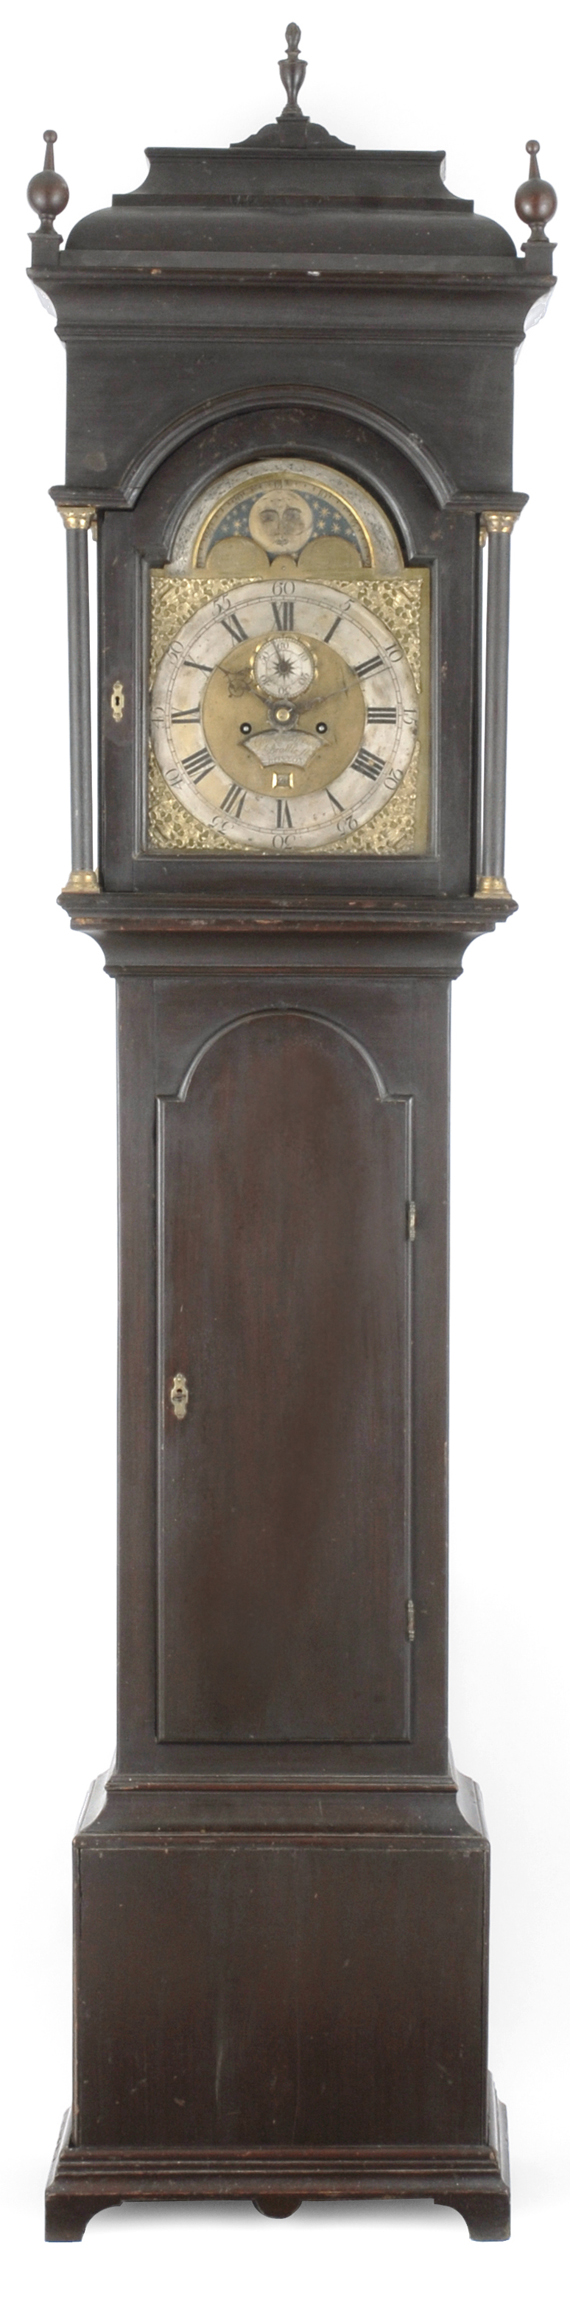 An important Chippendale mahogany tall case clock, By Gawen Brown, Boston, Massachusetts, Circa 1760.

--------------------------------------------------

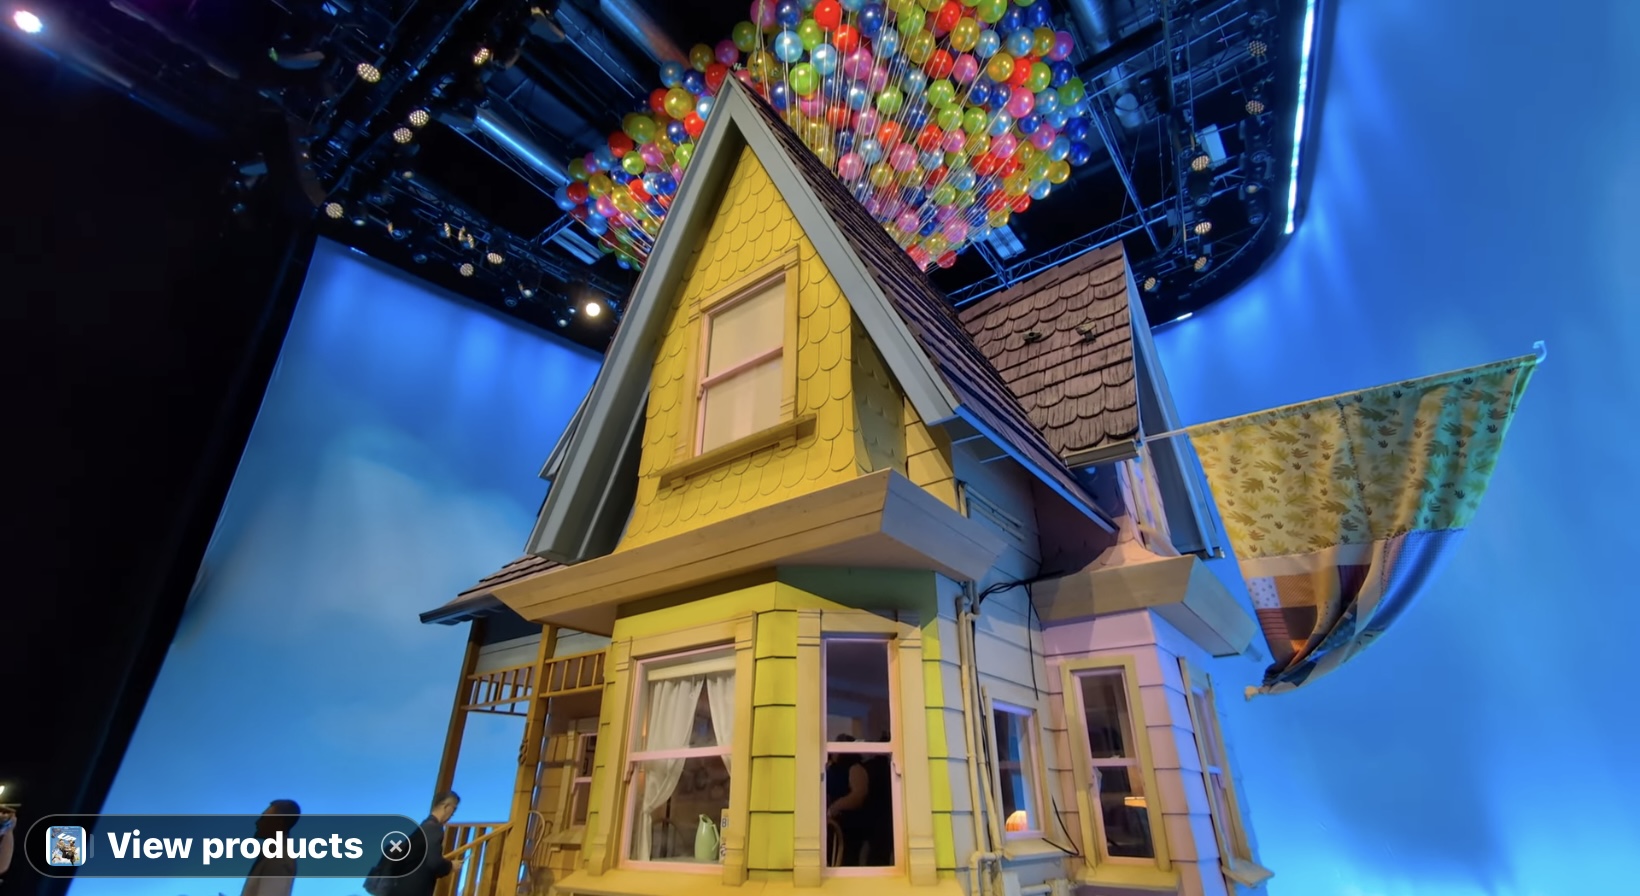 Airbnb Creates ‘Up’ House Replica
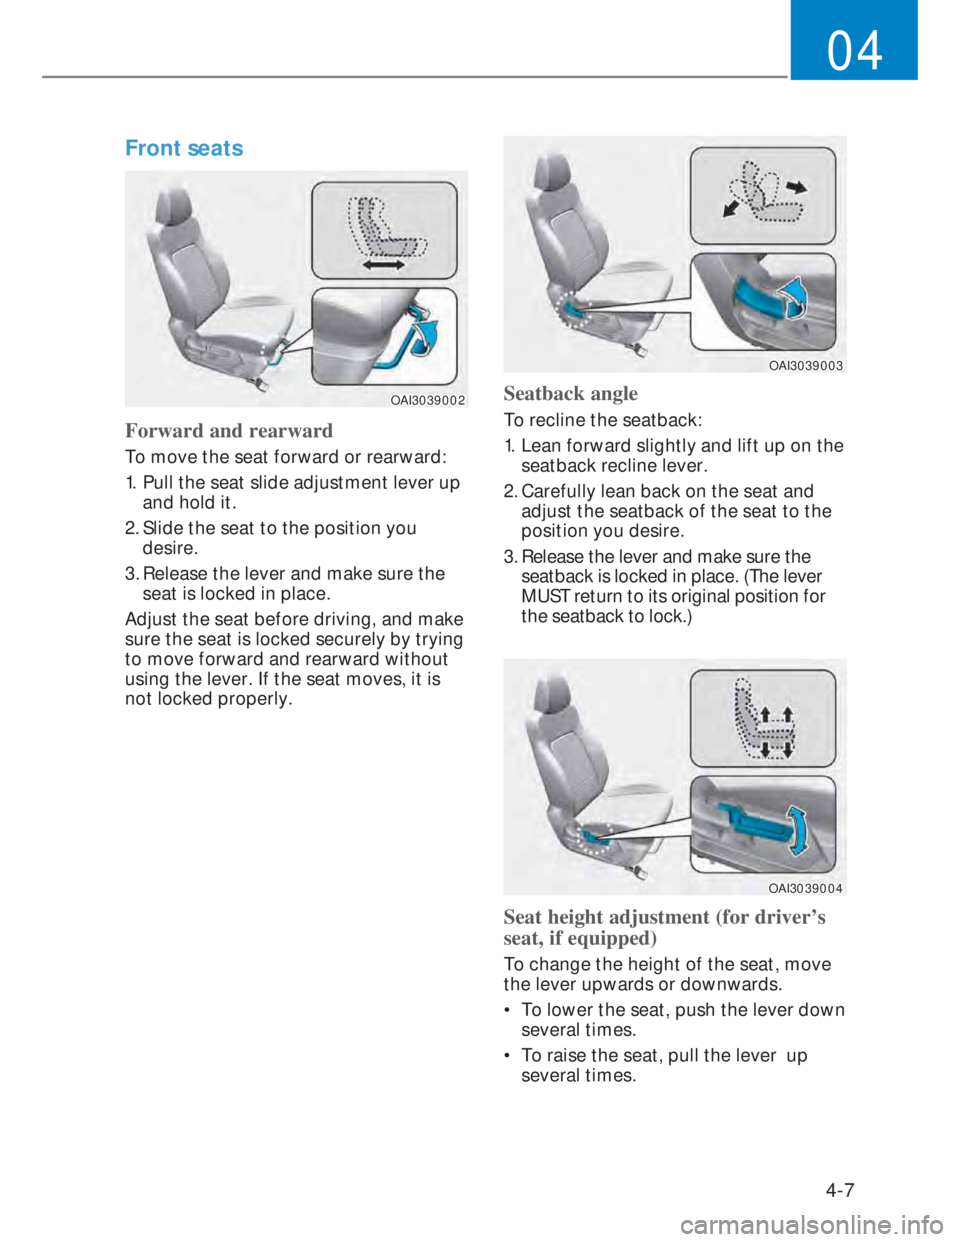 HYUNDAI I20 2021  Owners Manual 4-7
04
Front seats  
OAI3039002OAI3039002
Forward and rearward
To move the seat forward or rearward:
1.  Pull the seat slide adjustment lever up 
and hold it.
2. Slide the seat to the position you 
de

--------------------------------------------------

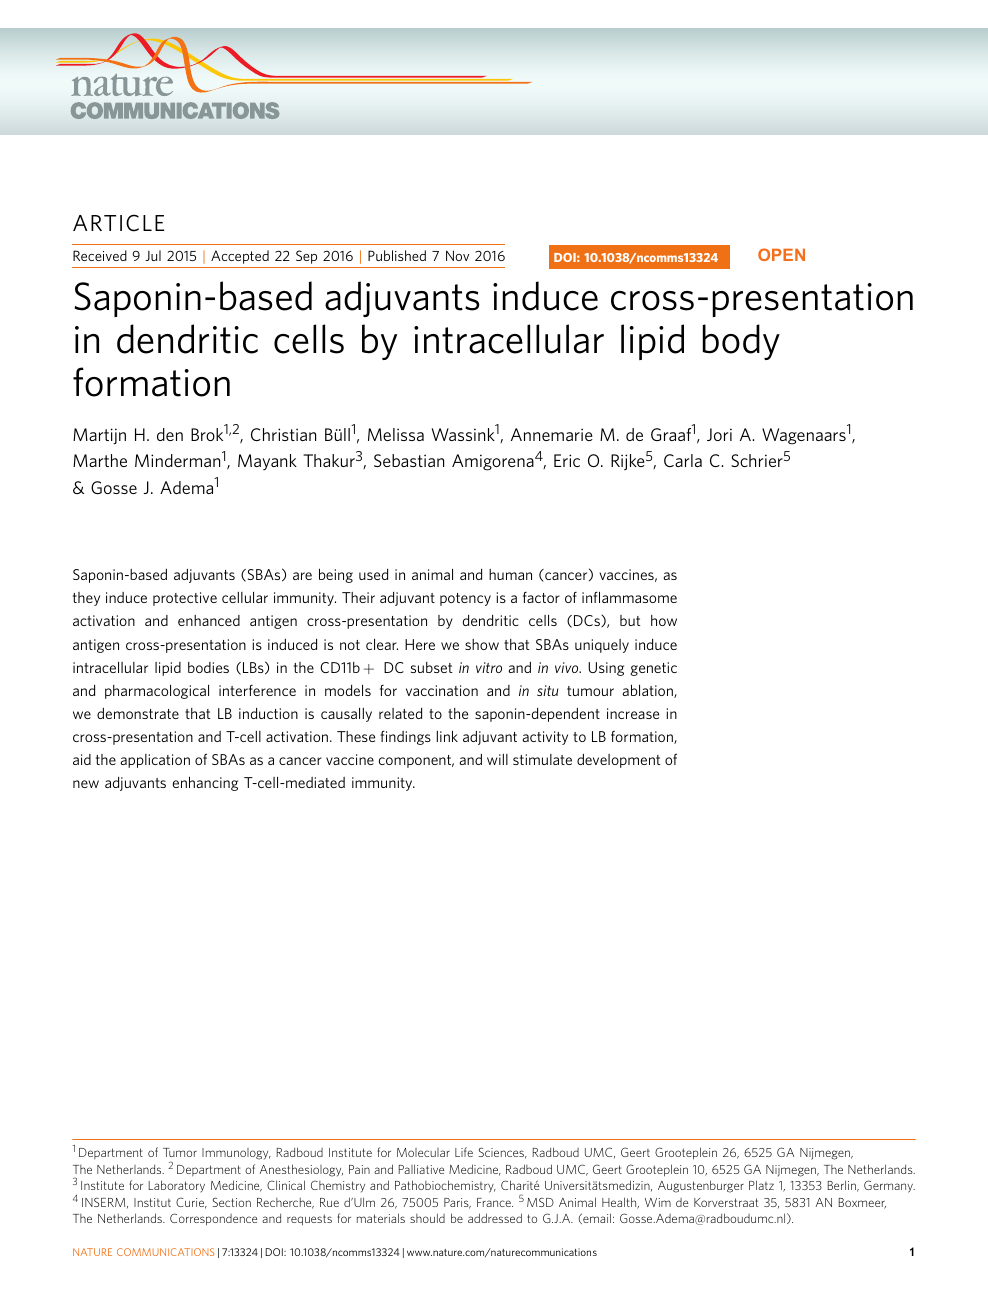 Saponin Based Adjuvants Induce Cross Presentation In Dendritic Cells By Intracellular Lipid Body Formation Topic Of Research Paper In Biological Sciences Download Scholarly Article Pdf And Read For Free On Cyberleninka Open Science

--------------------------------------------------

Exercise details: Above are some records. Copy each of their lines that holds the string "rearward".

Response to the task:
Forward and rearward
To move the seat forward or rearward:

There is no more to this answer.